Usually, positive self-change happens with someone else's help. Change and growth is possible without therapy: a good friend, for example, might set aside differences and listen with such compassion that you see yourself in a whole new light. However, this doesn’t happen every day or even every year, so the everyday goal of my style of therapy is to create a compassionate space for growth and healing.
A warm, understanding therapist can make the process of change less difficult than trying to attempt change on your own, or with a friend or family member. It is natural to feel vulnerable in therapy, even though every therapist is legally bound to ethical behavior and confidentiality. How do you choose the therapist who is best for you?

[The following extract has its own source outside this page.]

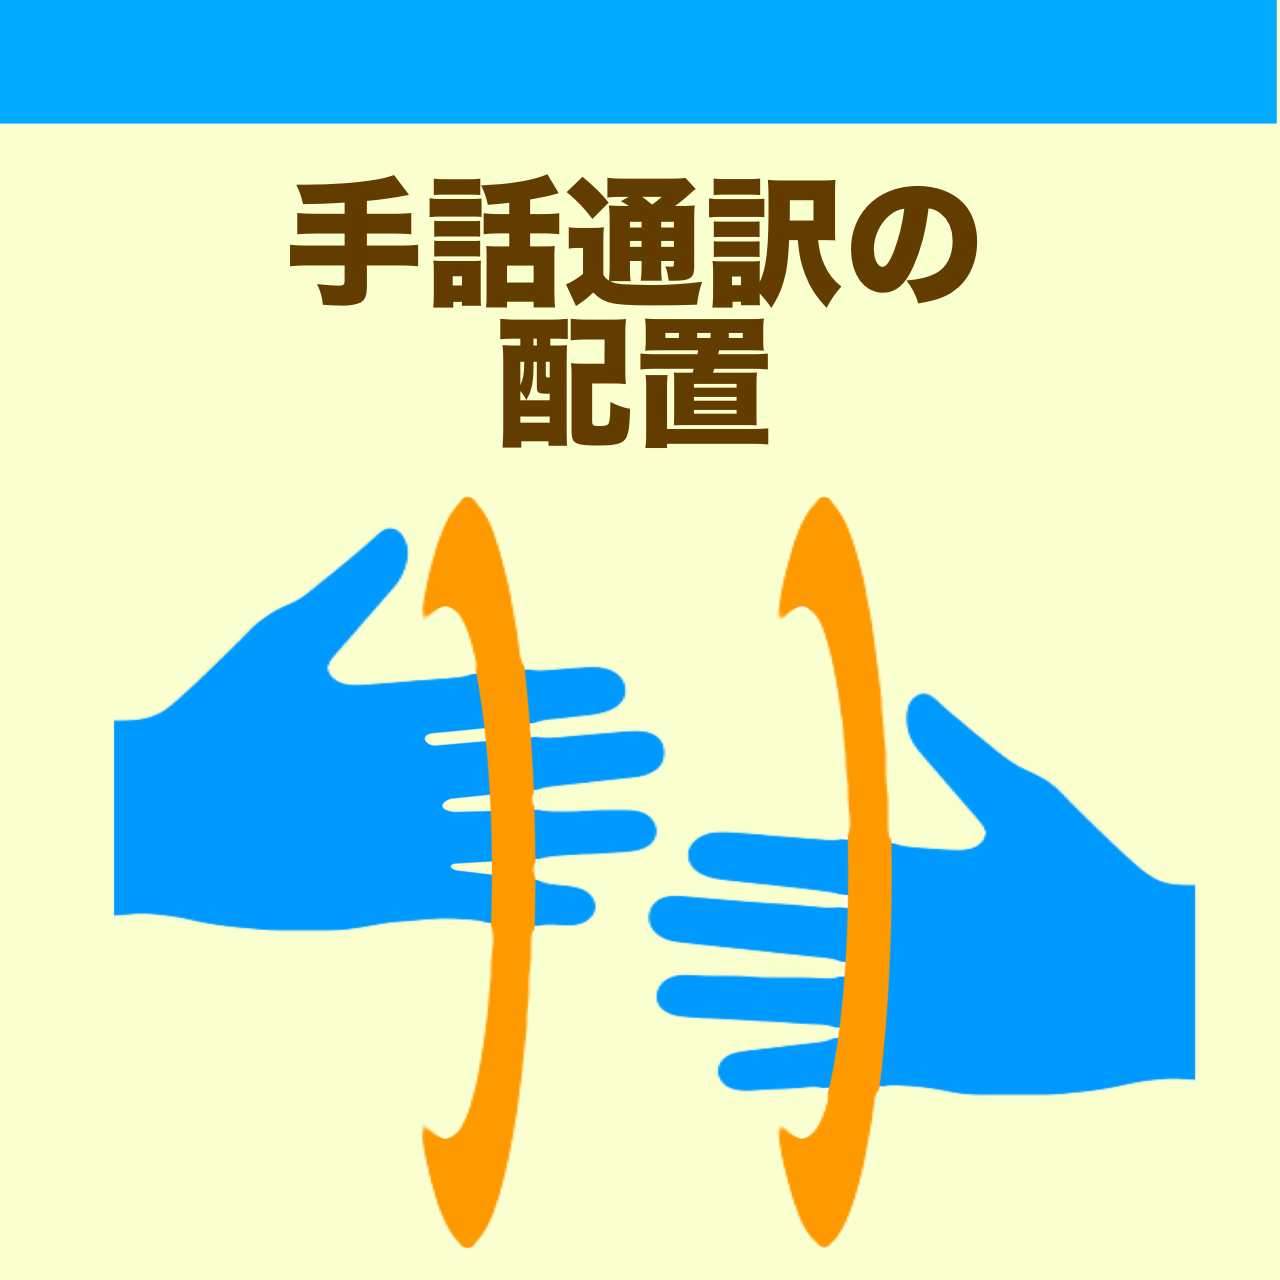 "手話通訳の配置
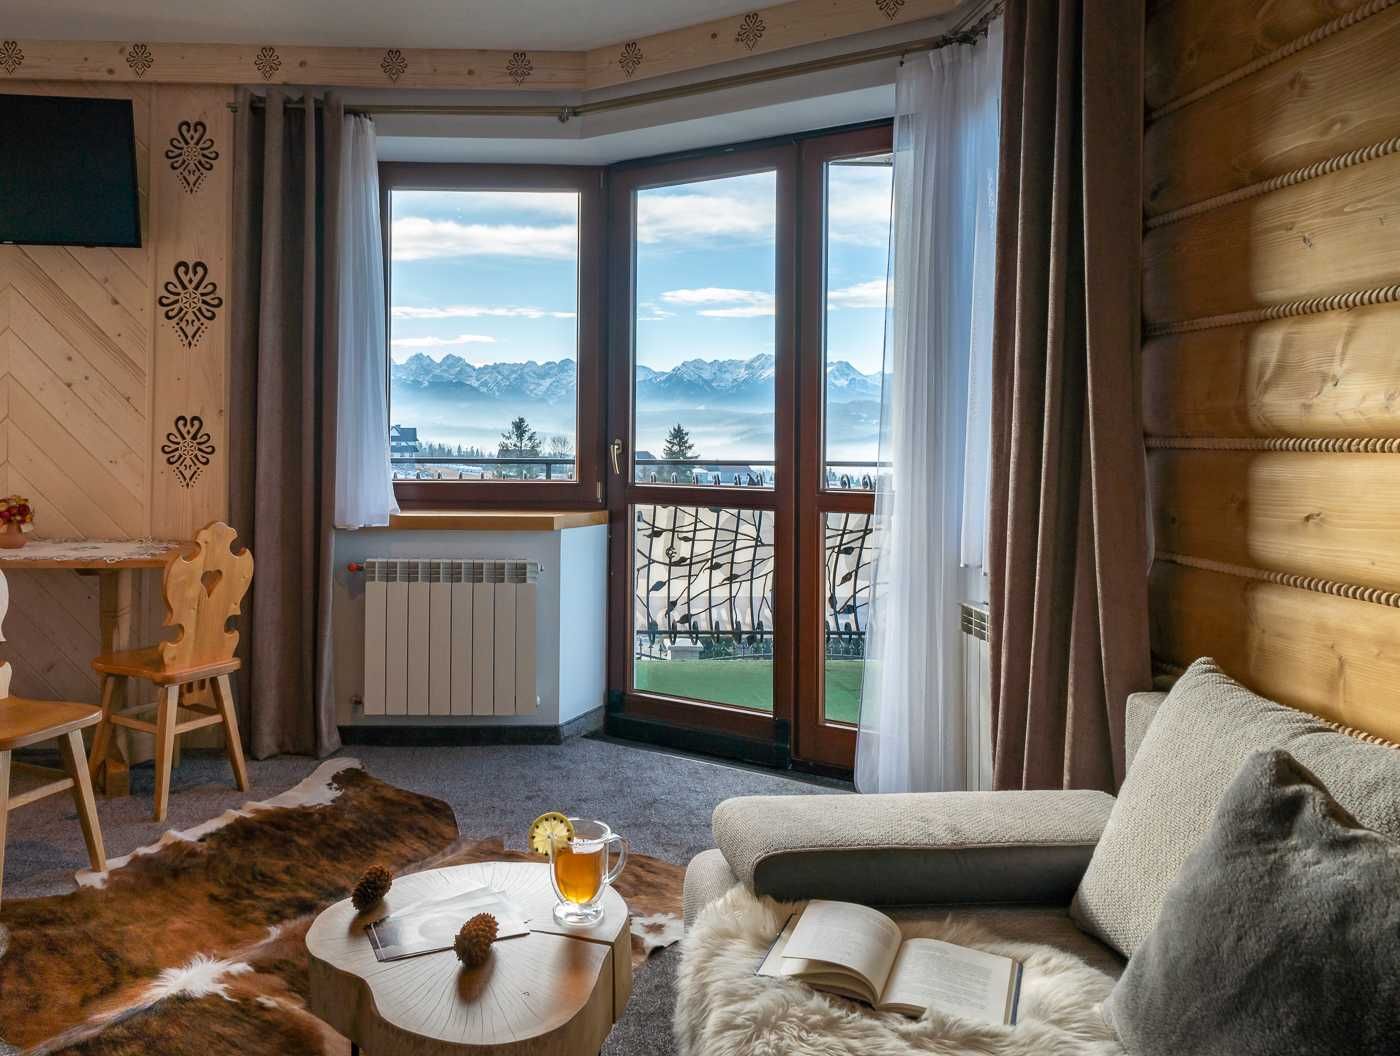 Noclegi w górach, pokoje w Tatrach, apartamenty atrakcje dla dzieci

It makes sense to take care choosing someone who feels safe to you from the start, so you may want to begin by asking a trusted doctor or another reliable source. Get names from your insurance company, look at therapists’ websites, and write down questions you have for each practitioner. Talk to them on the phone, ask questions over e-mail, and meet with likely choices. Take the time to be discriminating, so that you can be open with the therapist who earns your approval. If you need help, please visit metanoia, a great consumer site.
A therapist should be able to demonstrate that s/he merits your trust, and that s/he knows how to help you manage your doubts, discomfort, and vulnerability. Those painful feelings arise from past experiences, and they often prevent you from seeking the happiness you deserve. That is the first dilemma a good therapist will help you confront.